Post n°236 pubblicato il 27 Giugno 2008 da dimaio3d
 

Dopo aver imbarcato viveri e giubotti salvagenti come se si dovesse affrontare un viaggio intercontinentale su una zattera, la nostra allegra famiglia partenopea affronta sprezzante del pericolo il viaggio che la porterà dalla casetta di villeggiatura al mare. Qui avrà la prima vera piacevole sorpresa: può posteggiare liberamente senza che nessun parcheggiatore abusivo pretenda di avere "quaccosa di soldi per guardare la macchina". Perchè è vero che l'unico posto disponibile sta a mezzora a piedi dal mare, ma almeno è gratuito! E allora, dopo aver piazzata la stoina scassata dell'anno prima sotto i tergicristallo per tenere la temperatura dell'abitacolo almeno nei limiti della fusione atomica, ecco che si prepara ad affrontare il chilometro di spiaggia incandescente che porta diritta al refrigerio dell'acqua.
Nell'ordine, partono: la mamma, cappello in testa alla Rossella Hoara e occhialoni anni '60, borsa con asciugamani e giornale di gossip di ordinanza sotto l'ascella; poi i due pargoli, che continuano a scazzotarsi tra loro, con paletta e secchiello, ruota e setaccio per la sabbia, pallone e gonfietto.
Ed infine lui, il padre, con ombrellone, sedia pieghevole, coccodrillo gonfiabile sotto un braccio, borsa frigo e canotto semisgonfio sulle spalle. Un marines in pieno sbarco si muoverebbe con più agilità di lui.

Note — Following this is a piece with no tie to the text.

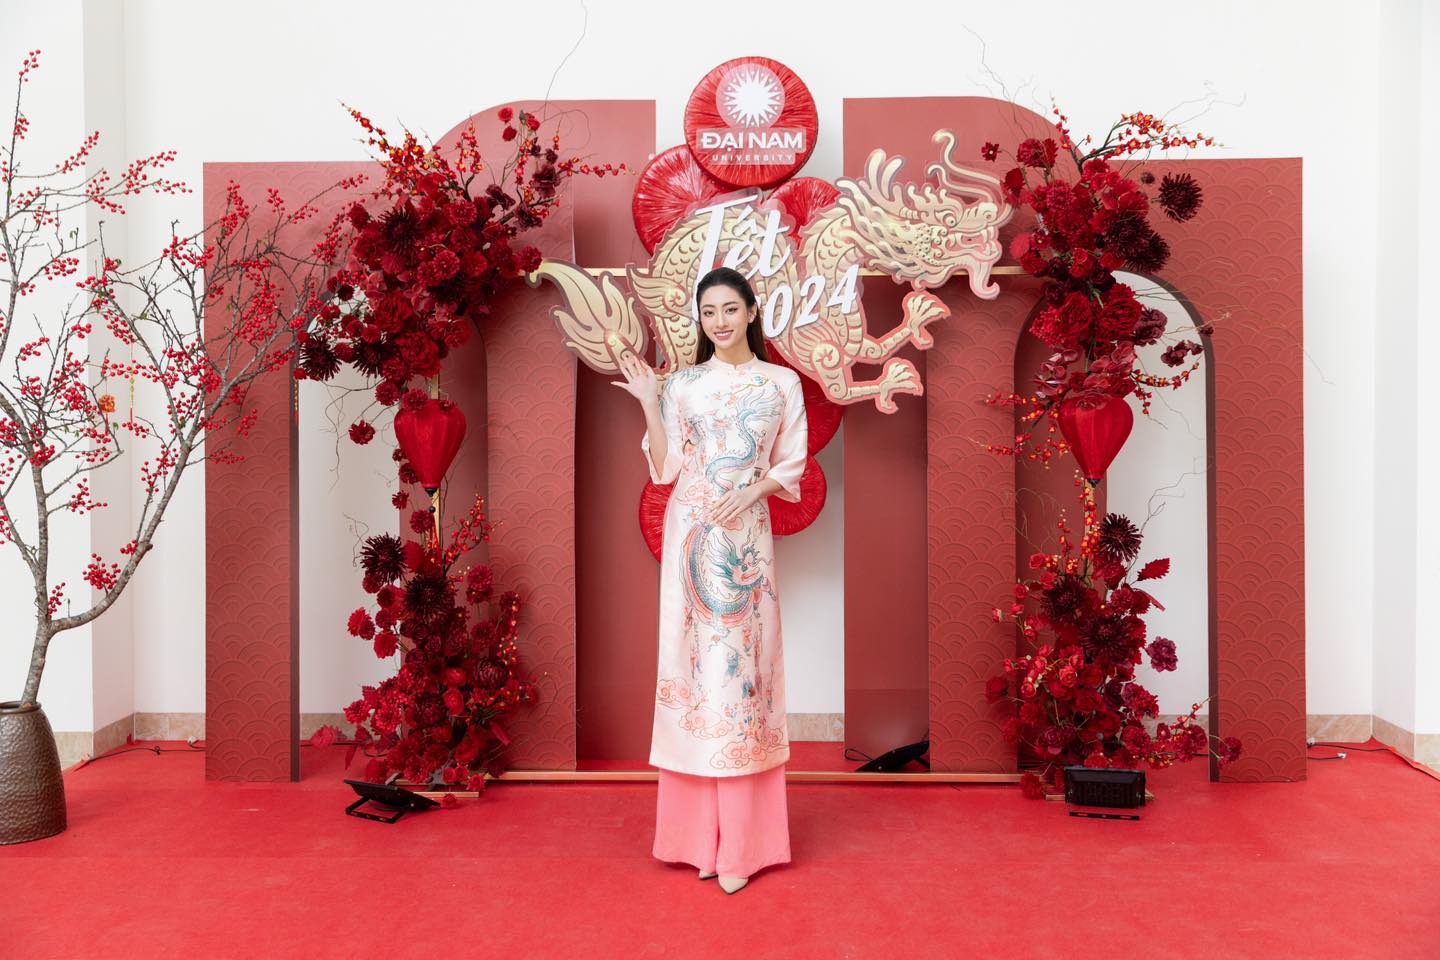 Hoa hậu Lương Thùy Linh cùng thầy trò ĐH Đại Nam trải nghiệm Tết xưa, tôn vinh giá trị văn hoá truyền thống - Ảnh 1.

Finalmente, dopo l'attraversata del Deserto del Sahara e una nuova visione della Madonna questa volta con un Pinguino DeLonghi accanto a metà tragitto e bottiglia ghiacciata di Acqua BrioBlu Rocchetta nelle mani, si arriva a riva. Per rendersi conto che il primo posto per piazzare l'ombrellone è esattamente 16 file più in alto, tra il fico d'India e l'oasi con i Tuareg. I bimbi lanciano tutto in terra e cominciano a spogliarsi, mentre la mamma da ordini al padre su come piantare meglio l'ombrellone, con lo stesso tono che usa il Capocantiere con l'ultimo dei manovali. Poi avviene la "spasa" dei telo-mare: in una spasmodica ricerca di spazio vitale si comincia a piazzare più asciugamani possibili finendo inesorabilmente per sconfinare in territorio nemico e far partire le prime scaramucce con i vicini.

I più organizzati riescono a combinare l'ombrellone con diversi telo-mare in modo da creare una sorta di tenda, utilizzata dalla mamma per spogliarsi del proprio pareo in piena intimità. Ed è proprio in quel preciso momento che avviene la tragedia: migliaia di persone sono costrette ad esporre per la prima volta dopo mesi di camuffamenti il proprio fisico scultorio. Mozzarelle flaccide con abbronzature a mezzamanica e nei pelosi in bella mostra.
I bambini inoltre sono vittime dell'inquietante spalmatura di crema protezione 50 che li trasforma in pochi minuti in cotolette impanate con segni tribali sul volto tipici della tribù dei Navahos.
L'unico che resiste alla tentazione di spogliarsi è il padre, ancora in possesso di un minimo di autocritica. Dovrà affrontare la più dura delle prove: il gonfiaggio canotto. E sarà costretto a premere su quella maledetta semisfera rossa per i prossimi trenta minuti senza ottenere altro che una serie di pernacchie e un crampo al piede.
Alla fine di questa prova, finirà anche lui per cedere e denudarsi, ricevendo subito un complimento dalla consorte: "Tesò.. fattelo dire: fai troppo schifo". Incassato questo duro colpo si dirige verso l'acqua e assumere la tipica posizione da bagnante: piedi nel bagnasciuga, mani unite dietro la schiena e panza il fuori, con il suo bel pantaloncino a costume con annessa macchia bianca di sudore rappreso. Fermo restando che al primo passaggio di ragazza in perizoma tiri la pancia in dentro e il petto in fuori. Unica parola che riuscirà a pronunciare nelle prossime ore sarà "Guagliùù" rivolta a tutti i bimbetti che allegramente giocano intorno a lui e lo schizzano.

Poi, dopo essersi "spognati" i piedi dopo 2 ore di ammollo ed essersi fatto il segno della croce prima di tuffarsi, finalmente tutti a godersi il refrigerio di un sano bagnetto nelle acque cristalline del mare calabrese. Almeno fino a ora di pranzo.